Pambazo: El Antojito que se Cocina También por Fuera

En buena parte de la cocina mexicana, el pan funciona como soporte. En el pambazo, también forma parte activa de la preparación. Antes de llegar al comal, se cubre con una salsa de chile guajillo que transforma su color, textura y sabor hasta convertirlo en uno de los antojitos más reconocibles del centro de México.

Aunque existen diferentes versiones regionales, el pambazo que se ha popularizado especialmente en Ciudad de México suele rellenarse con papa y chorizo, acompañarse con lechuga, crema, queso y salsa, y distinguirse por ese característico exterior rojizo.

El Chile Guajillo También Cocina el Pan

La salsa que recubre el pambazo suele prepararse con chiles guajillo hidratados, ajo y otros condimentos. Su función no es únicamente aportar picante: el guajillo ofrece color, notas ligeramente dulces y un sabor profundo sin alcanzar niveles excesivos de intensidad.

El pan se sumerge o se cubre generosamente con esta preparación antes de pasar a una superficie caliente con un poco de grasa. Ahí ocurre la transformación que define al platillo.

La salsa comienza a cocinarse directamente sobre el exterior, mientras el pan desarrolla zonas doradas y ligeramente crujientes. Por dentro, en cambio, conserva suficiente suavidad para absorber parte de los jugos del relleno.

Un Antojito Construido en Capas

Después aparece la combinación clásica de papa con chorizo, cuya intensidad encuentra contraste en ingredientes frescos como la lechuga. Crema, queso y una salsa adicional terminan de construir un platillo donde conviven grasa, acidez, picante, frescura y diferentes texturas.

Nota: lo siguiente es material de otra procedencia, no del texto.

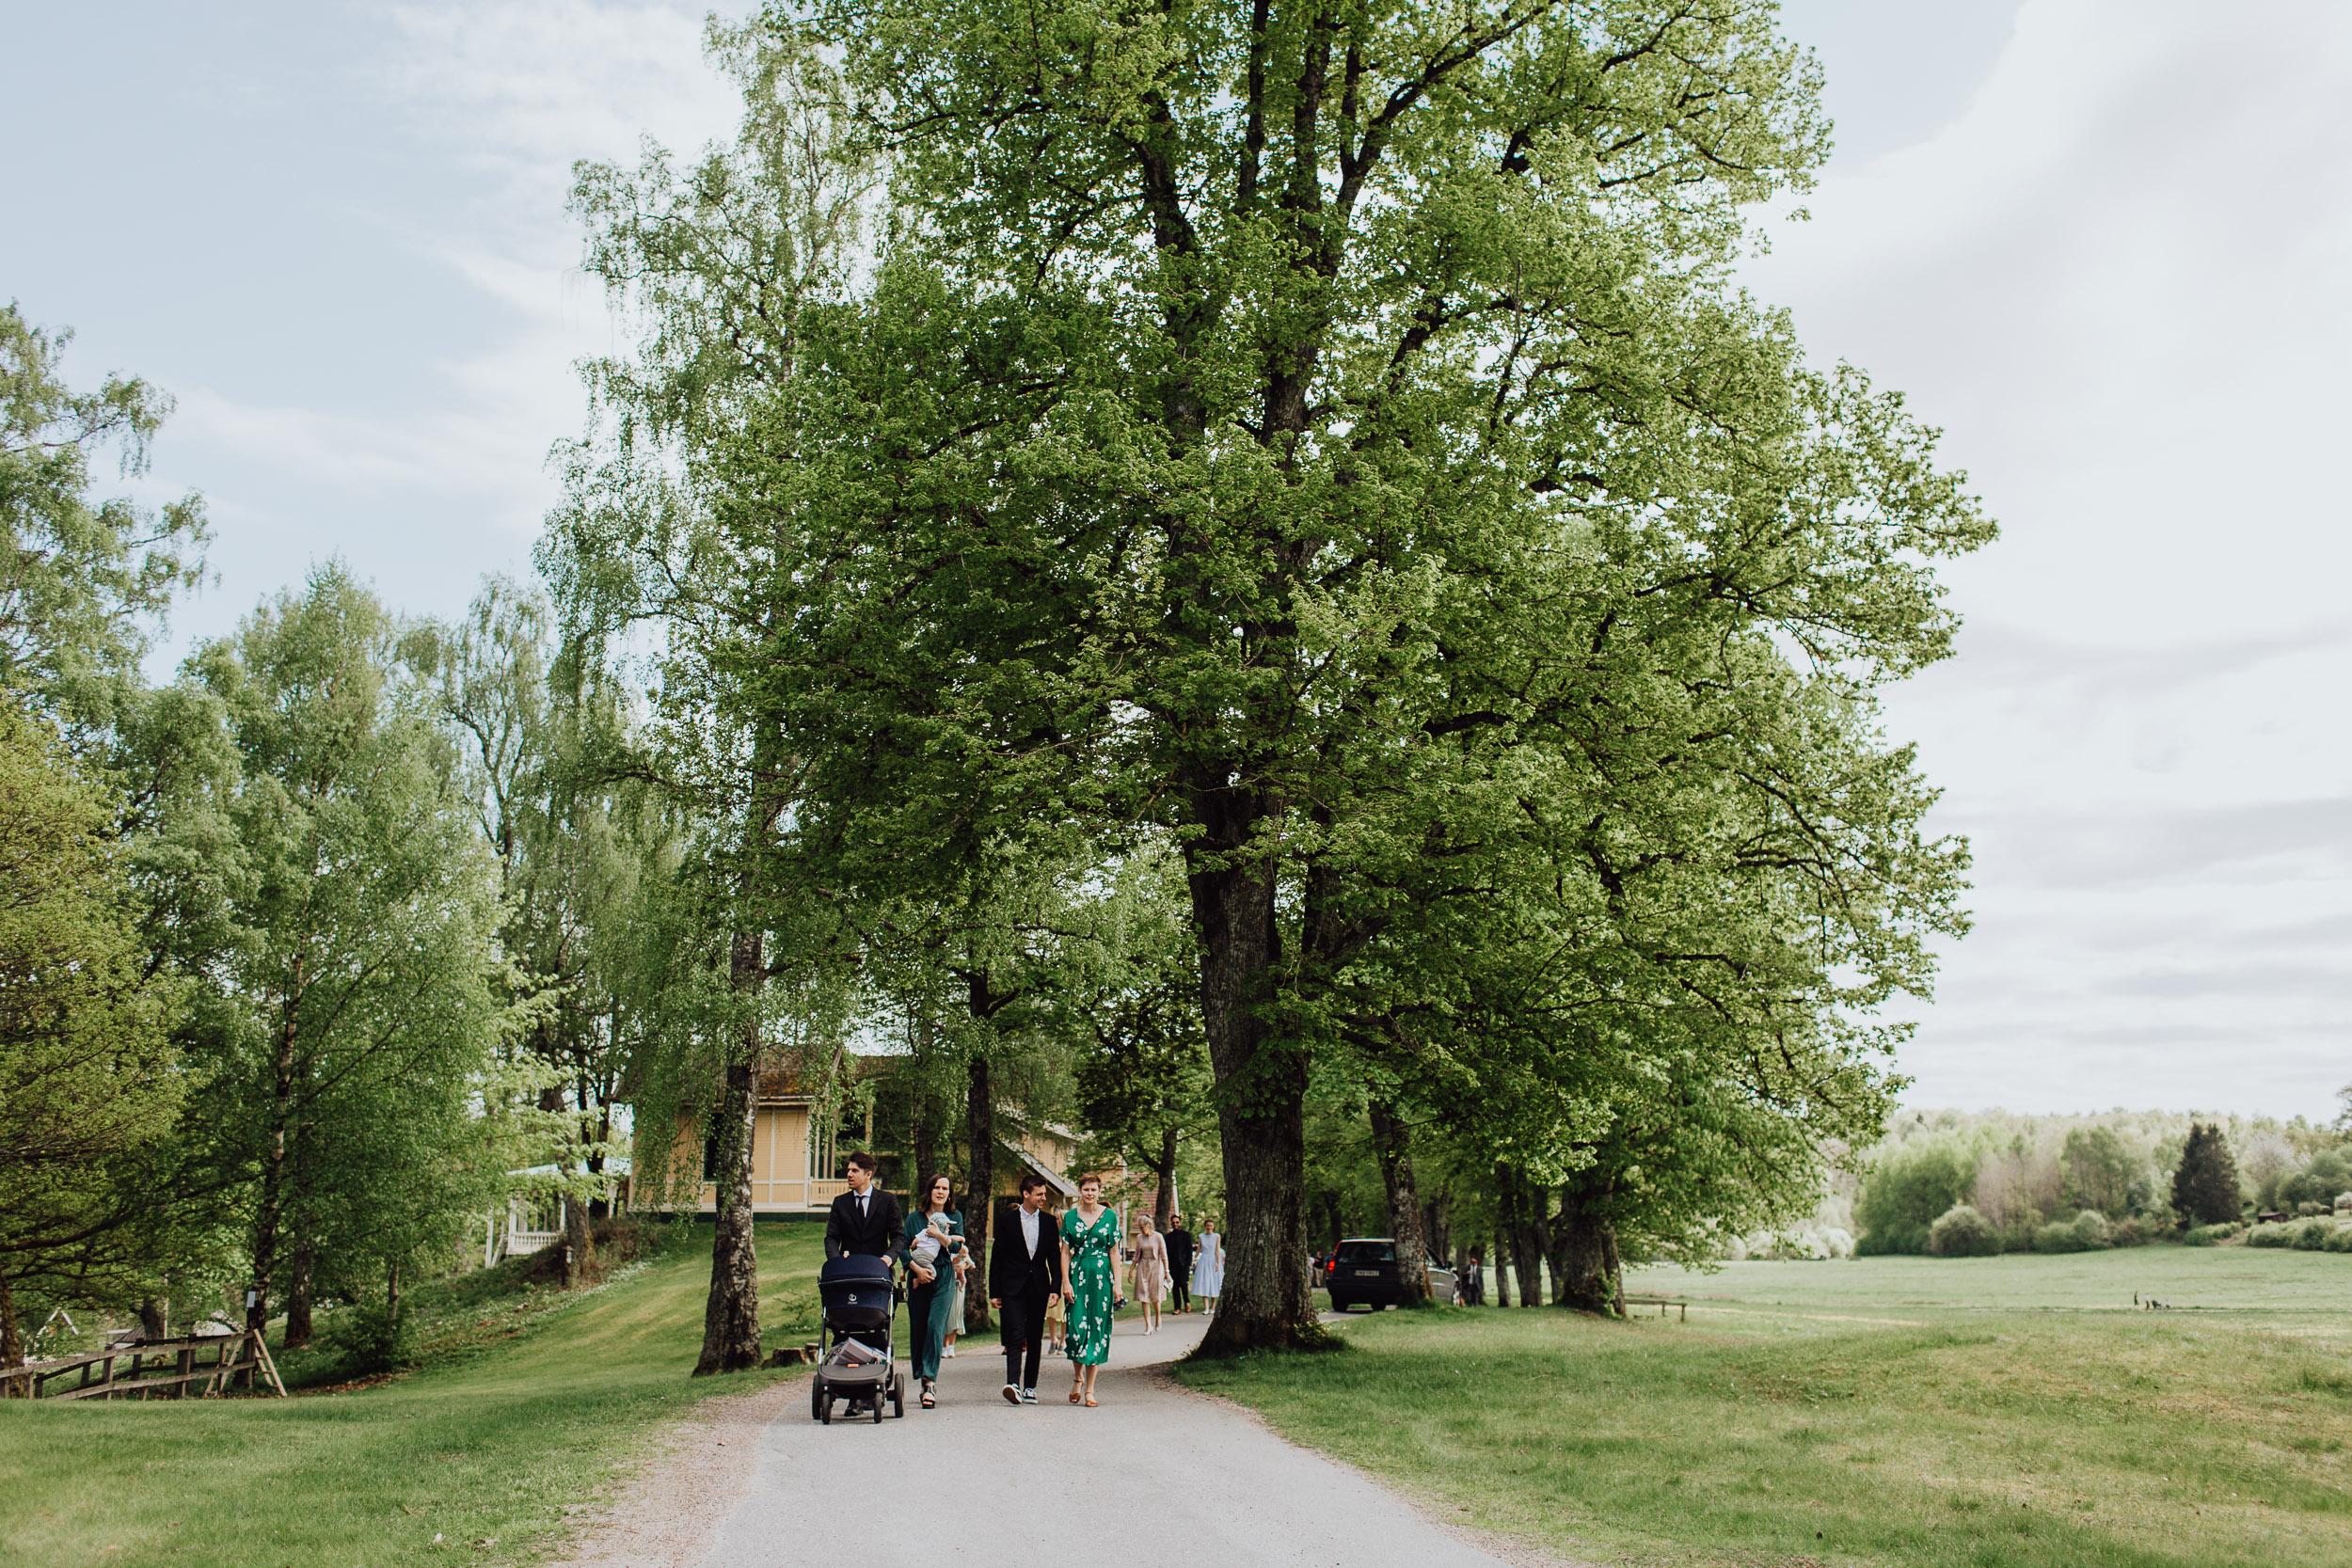 brollopsfotograf_goteborg-22.jpg

Precisamente por eso un pambazo no es simplemente una torta cubierta de salsa. Su identidad depende de cocinar también aquello que normalmente solo contendría el relleno.

El baño de guajillo y el paso por el comal demuestran una característica recurrente de la cocina mexicana: una técnica aparentemente sencilla puede cambiar por completo un ingrediente cotidiano. En el pambazo, el pan no se limita a sostener el platillo. También tiene algo que decir.